建物や宅地など地すべりの直接的な被害に加え、天竜川への土砂流入に伴う河道閉塞による上流域の水没や決壊で、下流域で氾濫が発生するリスクを低減させるために実施する。
開窪地区では07年に、地表から浅い箇所で地すべりが発生して県が対策を実施。その後の国の調査でさらに深い箇所に地すべりが起こりやすい地質があることが判明した。18年度に国直轄事業として対策工事を行うことが決まった。
本年度は集水井4基の設置などを計画し、工事は9月にスタート。これまでに3基の掘削が完了している。式典後には現地視察を行い、工事の進ちょく状況を確認した。
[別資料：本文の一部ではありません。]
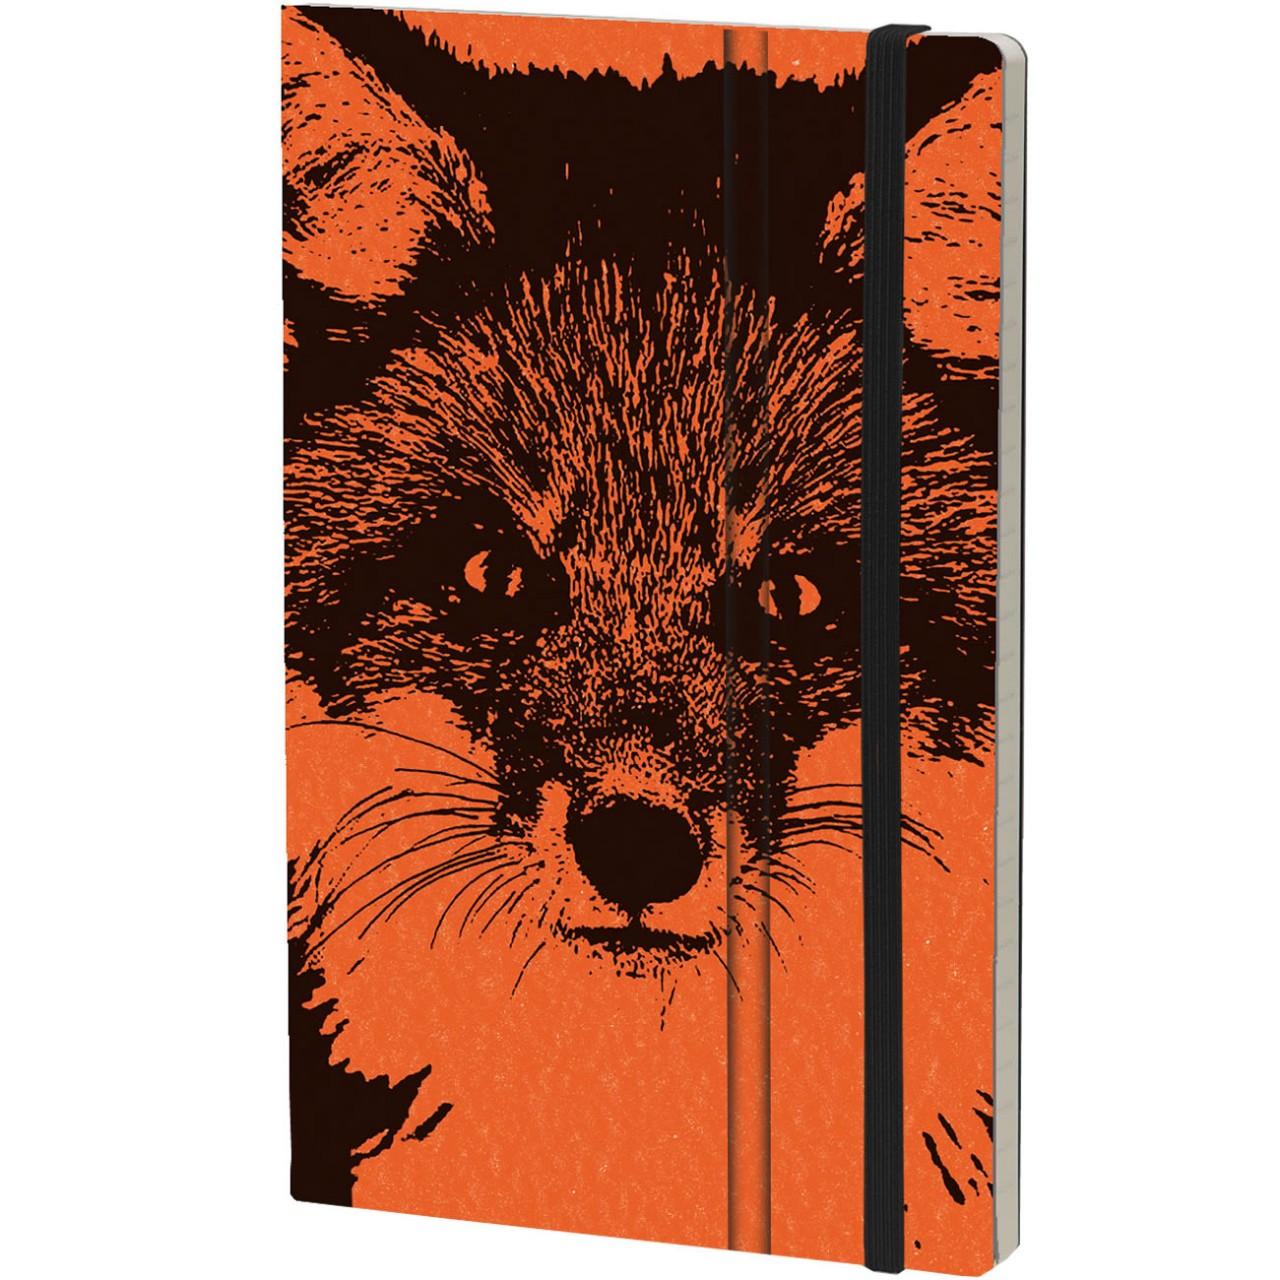 Stifflexible Notizbuch WILD PEARL 13 x 21 cm 192 S., FOX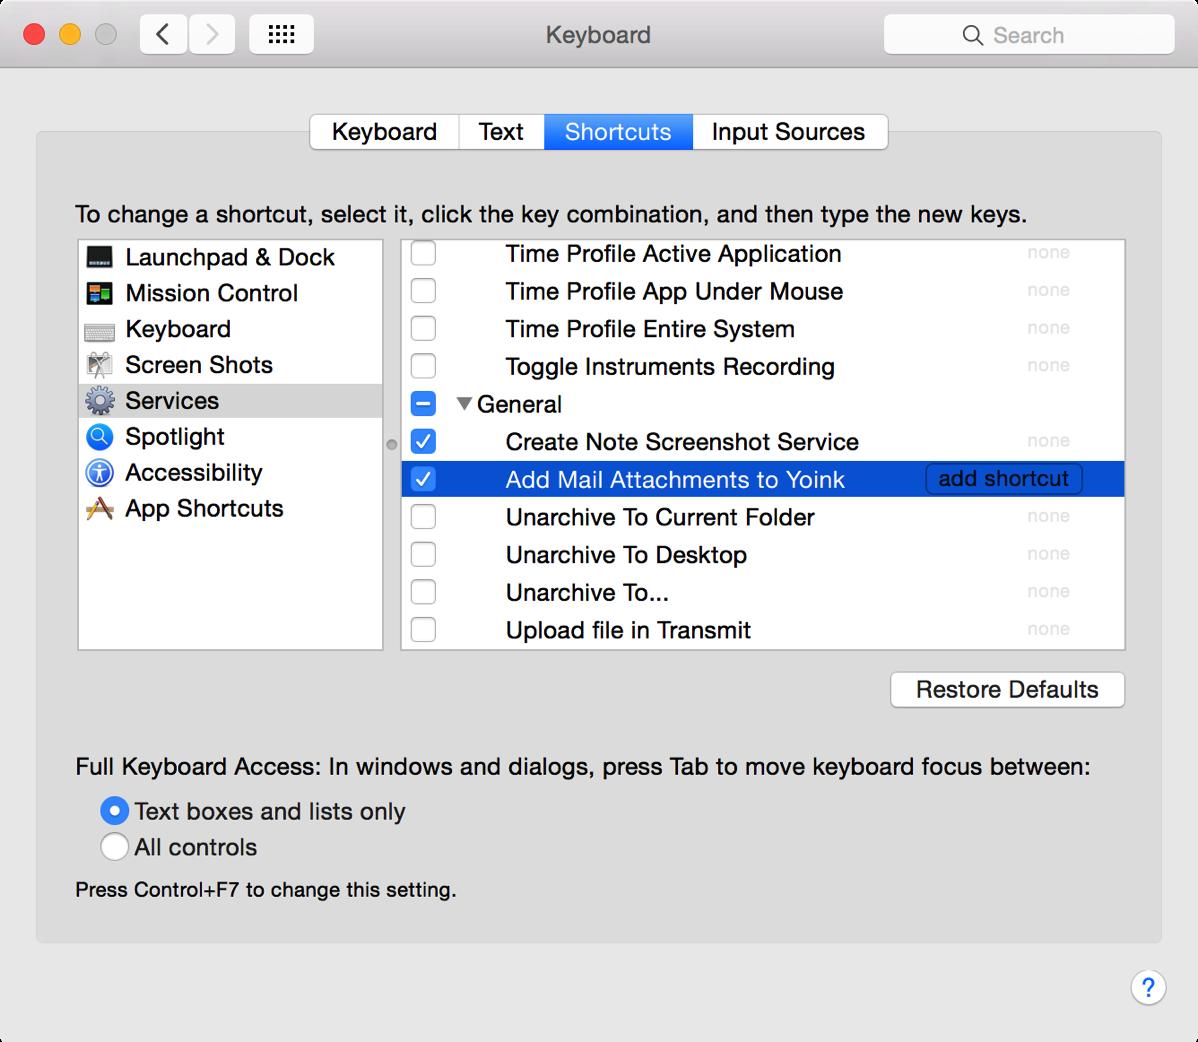 Service - Keyboard Shortcut

式典で勝野一成町長は「町内では、過去から多くの地すべりが発生し対策を施してきたが、町民の不安を払拭(ふっしょく)するには至っていない。国直轄による大規模な事業により、大地震やゲリラ豪雨などの災害に耐え得る地域になることを期待する」と話した。
天龍村平岡地区では今年3月末に着工式を行い、本年度から地下水を排除するための横ボーリング工などが行われている。中井侍地区では着工に向けた準備が進む。3地区合わせた総事業費は約195億円。